Edited to add that I have Extremely Sexy for Men here from Natures Garden and it has some good reviews so will let you know what I think once I soap it :0)


----------



## newbie (May 28, 2011)

BLack Canyon from Peaks seems very popular with men and ladies alike. Also Ancient Sedona from Bramble Berry. Vanilla and Sandalwood or Vanilla and Musk (about 50/50) has been well-received. Lime, as well. Men seem to be a little harder to figure out scent-wise than women. Men tell me they overall aren't as interested in scents, but I don't know if that's true as a generalization.


----------



## tomara (May 28, 2011)

newbie said:
			
		

> BLack Canyon from Peaks seems very popular with men and ladies alike. Also Ancient Sedona from Bramble Berry. Vanilla and Sandalwood or Vanilla and Musk (about 50/50) has been well-received. Lime, as well. Men seem to be a little harder to figure out scent-wise than women.
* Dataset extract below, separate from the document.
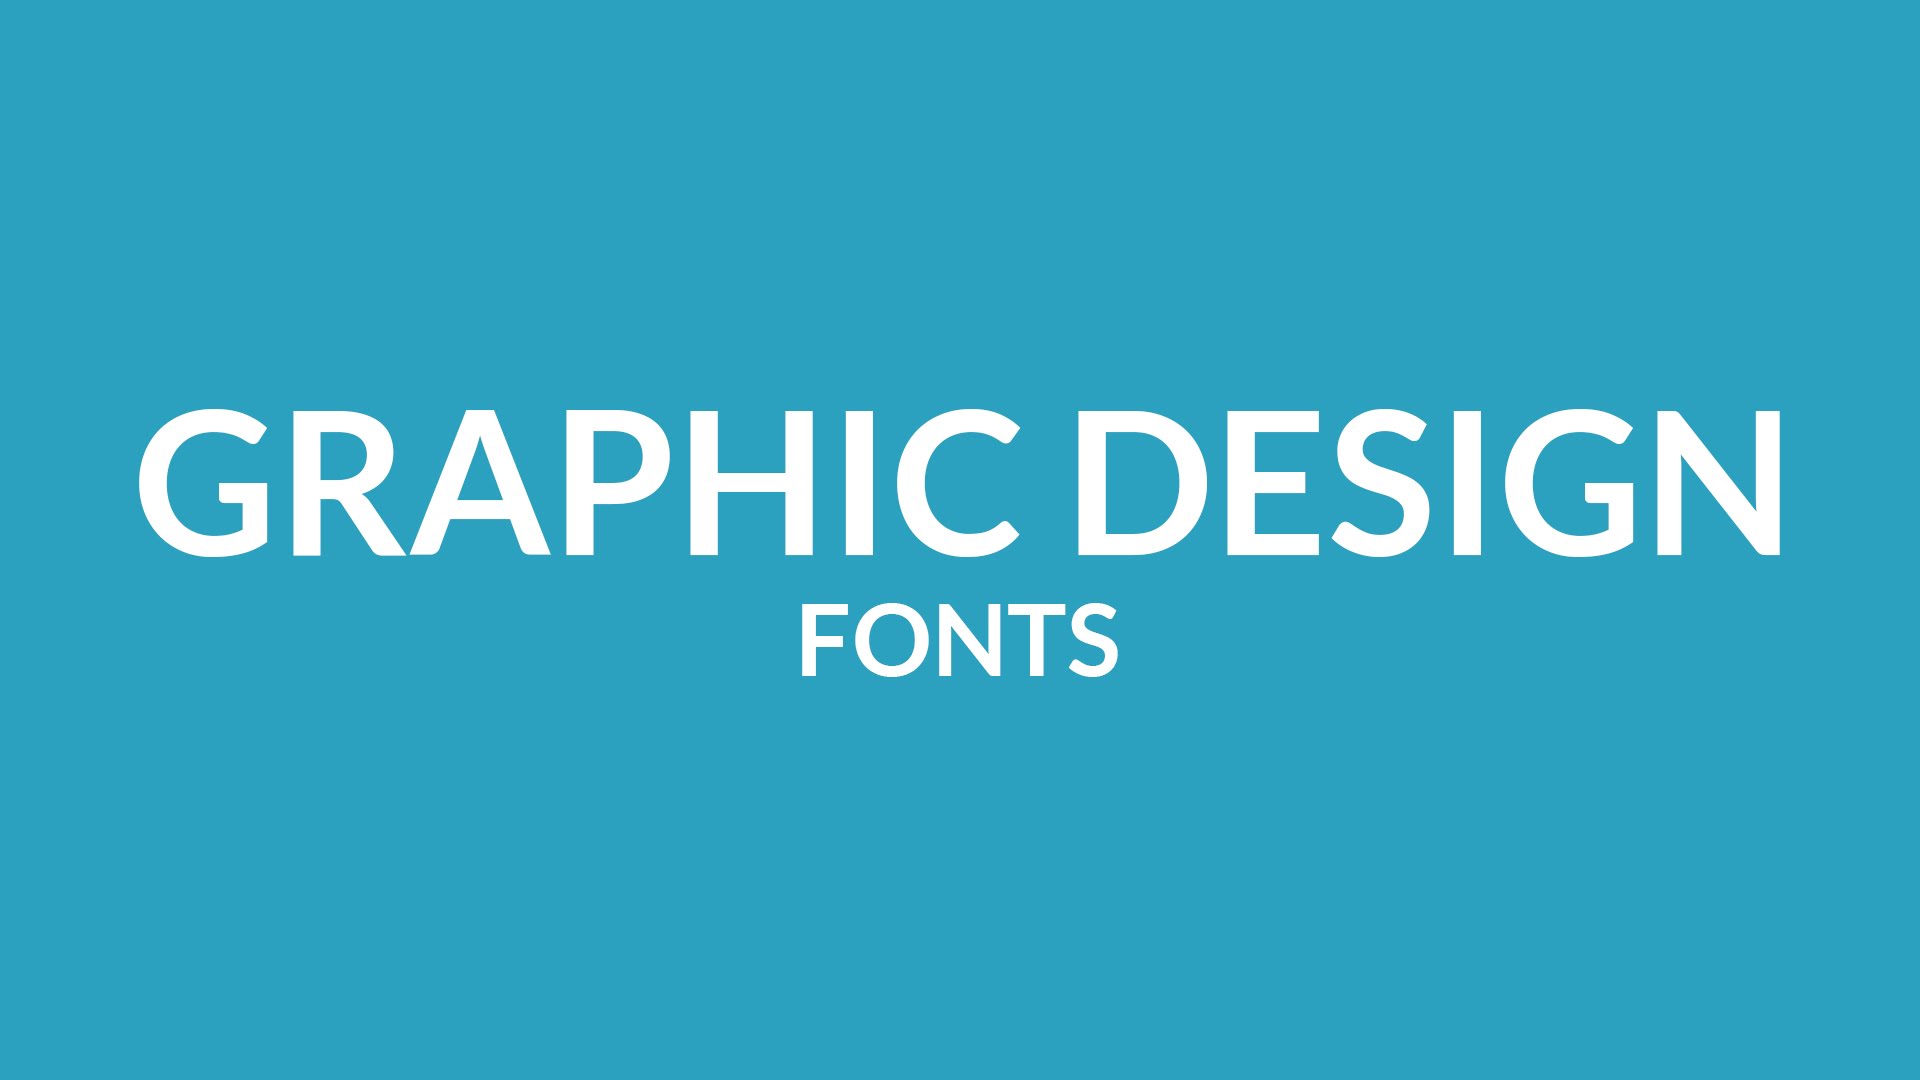 where to find free fonts and graphics

Men tell me they overall aren't as interested in scents, but I don't know if that's true as a generalization.



I love Black Canyon too!!

Another one you might one to try that might seem a bit bizarre is Zanzibar Clove from Lonestar.  It's really nice.


----------



## NancyRogers (May 28, 2011)

Some that hubby likes ...

Black vetiver cafe from southern garden scents
Bay rum from Oregon trails
Redwood & cedar from bert's heaven scent

And these two gender neutral scents
Sweet orange chili pepper and lime cilantro both from natures garden

I recently got the perfect man and green Irish tweed from ng. They both smell really good, but I haven't soaped them yet. 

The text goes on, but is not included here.